This also means, because there is no dedicated accumulator, we need 4 possible instructions per math operation:
add a,b
add b,c
add c,d
add d,a
This does reduce the number of operations that can be supported, beacuse, remember, I can only have 64 simple handlers in the table.
Right now I am writing an emulator in C on my PC for this type of instruction set, to see what I really need. One idea, is getting rid of a register and only having 3. This aligns well to the FORTH keywords dup, over, swap, rot, which operate on the top 3 stack items. PICK is used for items under that. The burden is on the compiler to create reg/reg operations tracking the top 3 stack items, but all items under that are placed in the real stack and will be accessible by a pick-like instruction. The advantage over the accumulator machine is a stack paradigm language, such as forth or RPN can easily generate code for this. I call it the rolling accumulator, because as you evaluate expressions, the register that represents the current 'accumulated' value rolls around the ring of adjacent registers.
That's all for now. If anyone is reading I'm interested in hearing your thoughts on if the rolling accumulator has any advantages.

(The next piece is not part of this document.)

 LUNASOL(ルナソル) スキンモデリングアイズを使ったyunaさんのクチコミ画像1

Another thing I am pondering: what would an accumulator oriented language look like? My only complaint for an accumulator machine is generating code from a stack-language is awkward. Suppose during evaluation of an expression, you need to evaluate a sub-expression? You need to put the current result somewhere, evaluate the sub-expression in the accumulator, and then go back to what you were doing. What does that look like as a language?
Cat-644 Ser No. 3
11/24/2016 at 21:12 • 0 comments

Kevin made me a second board with a few improvements. Counting my original prototype, this is the 3rd copy of this computer.
The 3.3V regulator has an extra pad that can now accept both styles of regulators: 78xx series AND 1117 series LDOs. The too-close traces were moved. And row of header pins were added for all the (only 3) unused PORTA lines. Now every pin out of the microprocessor is easily accessible. Some pins, like the data and address lines are not explicitly brought out of the board, but just about every pin goes through a via at some point, so there are many places to cleanly solder a wire and grab a signal. (Clean... as opposed to tacking-on jumpers on the bottoms of all the ICs: putting a wire throgh a hole is much more sturdy.)

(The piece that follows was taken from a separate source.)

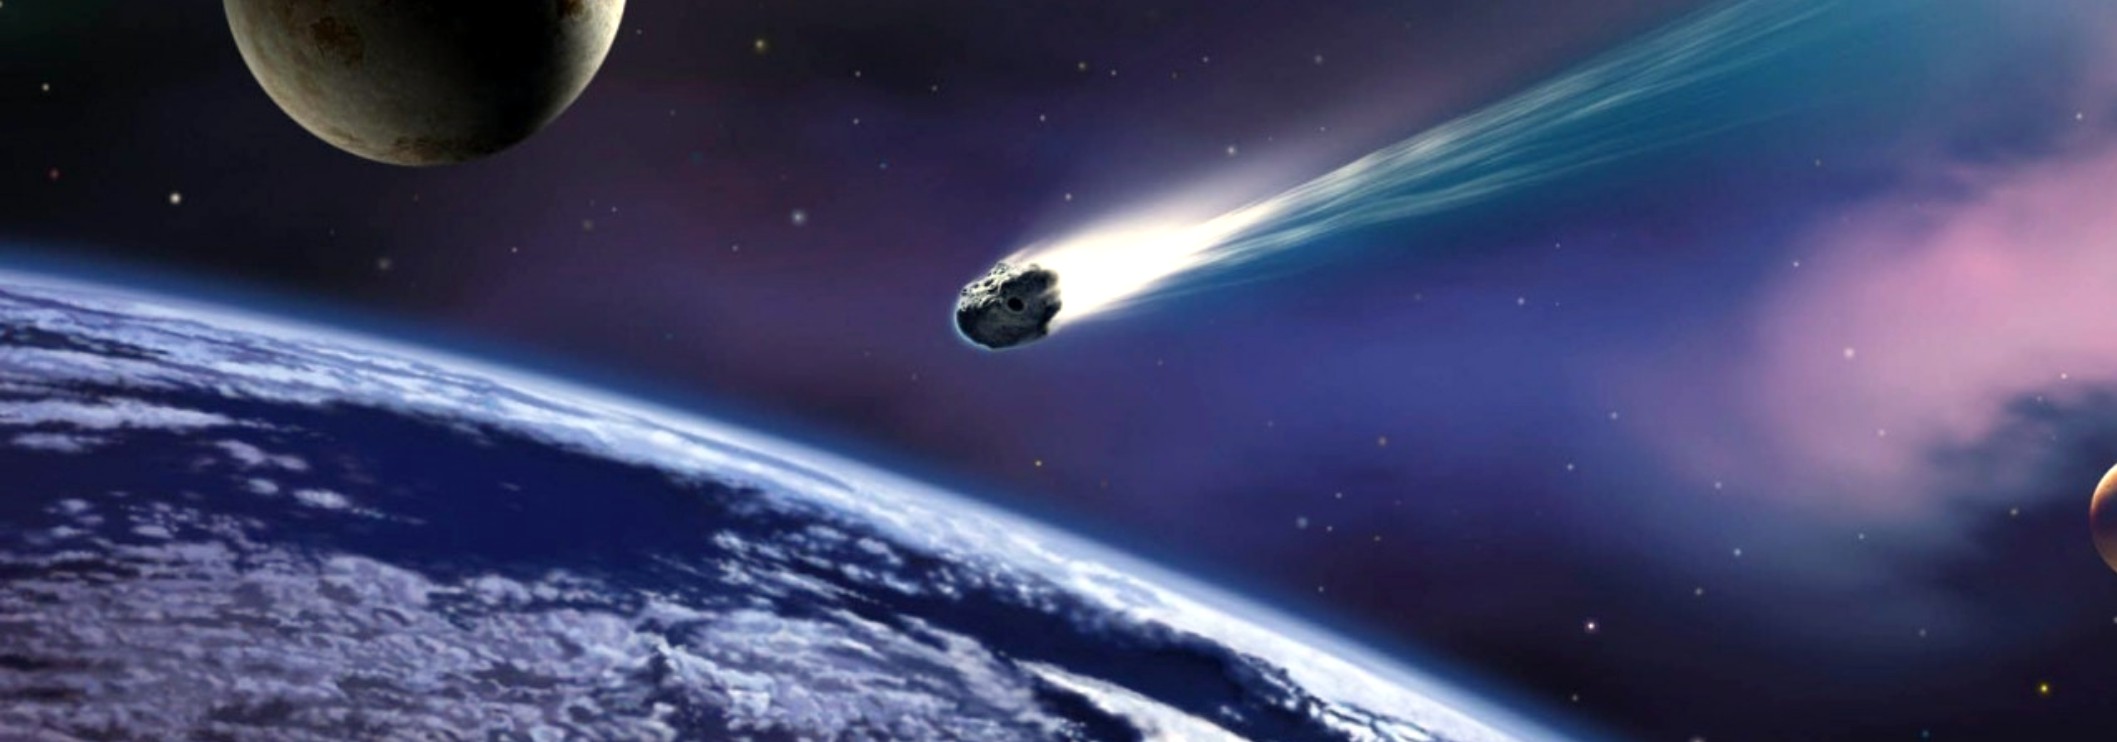 Resultado de imagen de meteorito real espacio
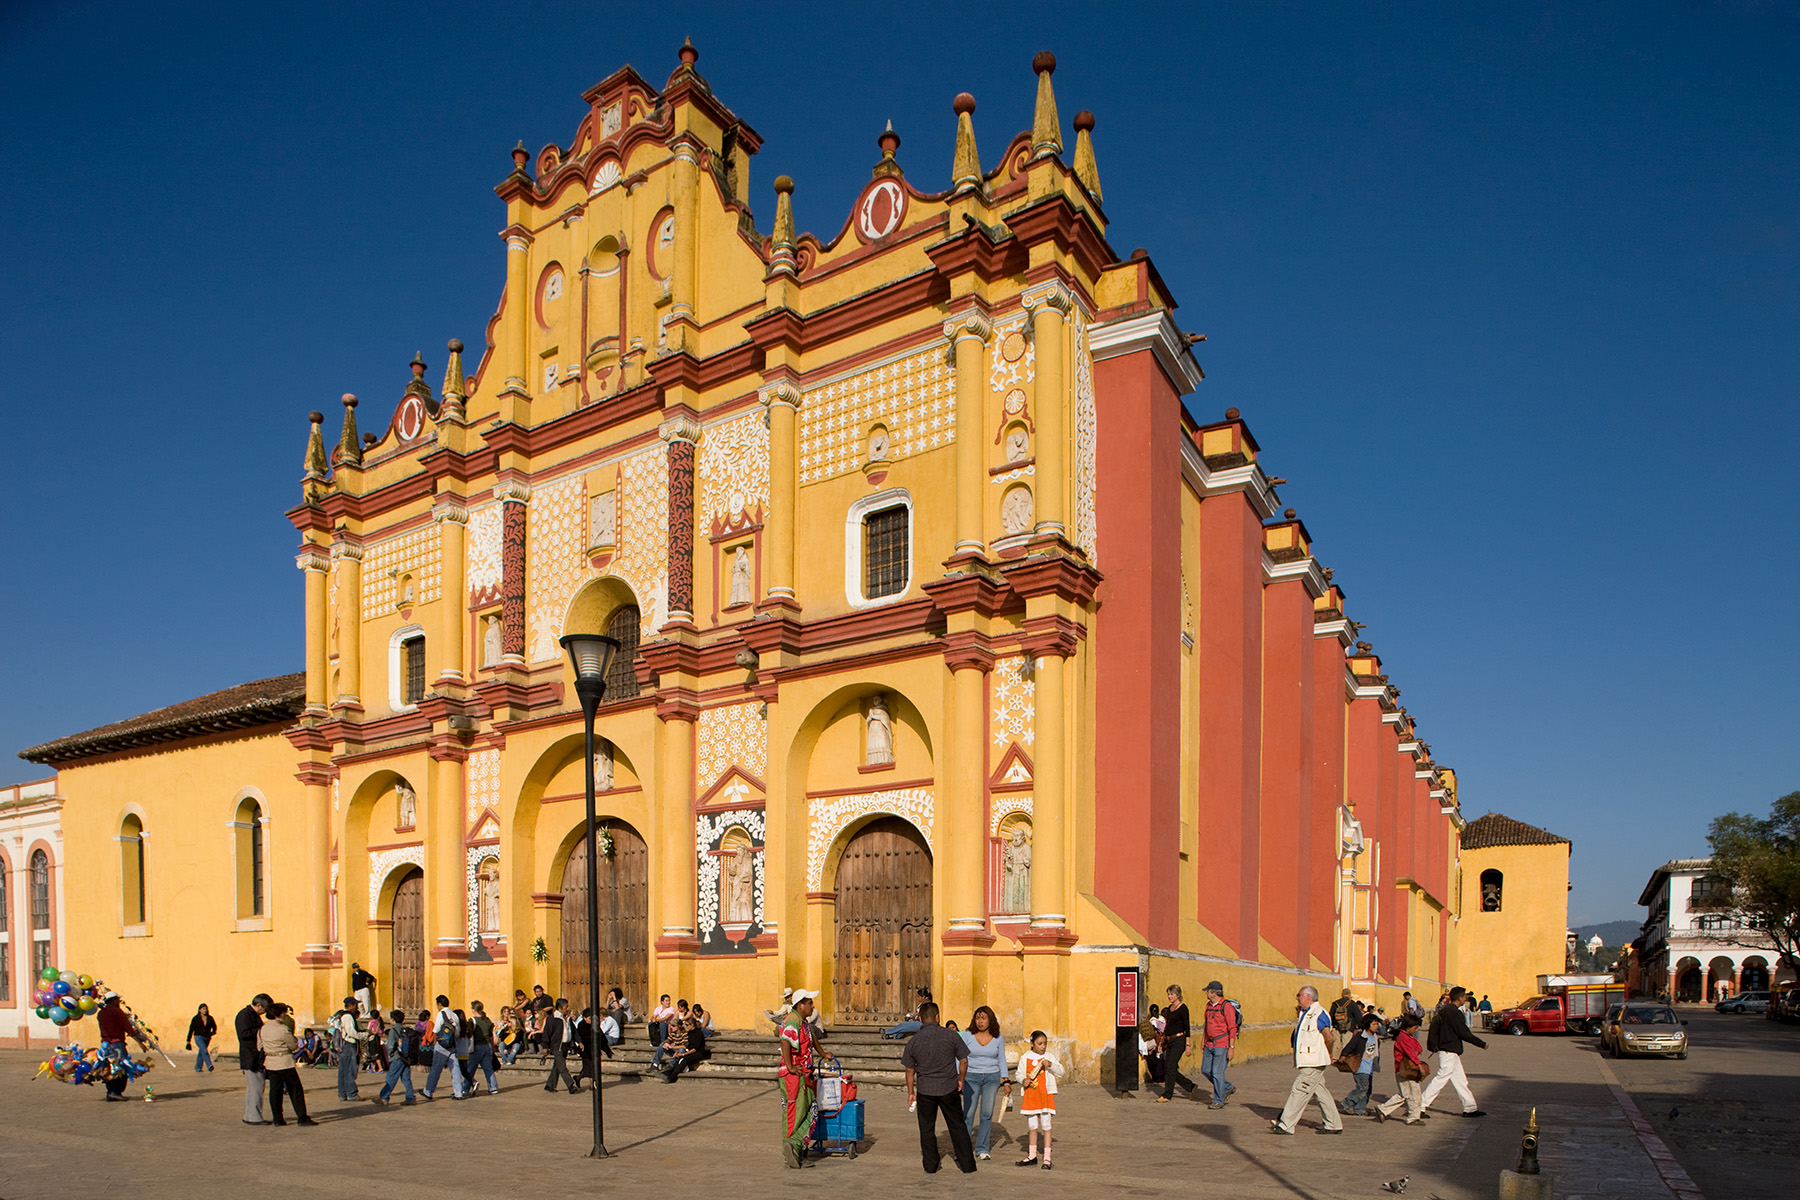 mexico tourism official website

I tin-plated my board, and I chose to use machined sockets, gold plated in the ones the local shop had in stock. My 20-pin sockets for the 74xxx logic chips have integrated bypass capacitors, so I left most of the bypass capacitor spaces blank.
I discovered the the .1uf capacitor I originally had on the VSYNC VGA line is not necessary, at least with my current monitor, on this board.
I am also making another change in the name of code optimization: I am switching the HSYNC and VSYNC signals. I don't need to change the board, just how the connector is wired up. (If someone discovers the .1uF vsync capacitor is necessary, one will have to be tacked-on somewhere, but you could do this in the wire harness itself if you wanted to.)
Why am I switching these signals? The video interrupt is generated by Timer#1, and it has two channels, A and B. The timer is set to free-run to Channel A's value and reset to 0 when it reaches 636 (the number of clock cycles it takes between lines of video). When it resets, it also calls the video interrupt code.
In my original version of the code the interrupt 'manually' pulled hsync low, first thing after the C interrupt 'header' code. After a while, I noticed that by chance Channel A's output pin happens to be the HSYNC line, so instead, I have it set up to pull sync low when the counter resets. Now when the interrupt starts, HSYNC had already been low for a few clocks. But now I want to push the HSYNC signal further into the past: I want the hsync to have been low for almost it's full duration before the interrupt even starts. First thing, I want the interrupt to pull hsync high, and then start outputting video as soon as possible. To do this, I need to use Channel B.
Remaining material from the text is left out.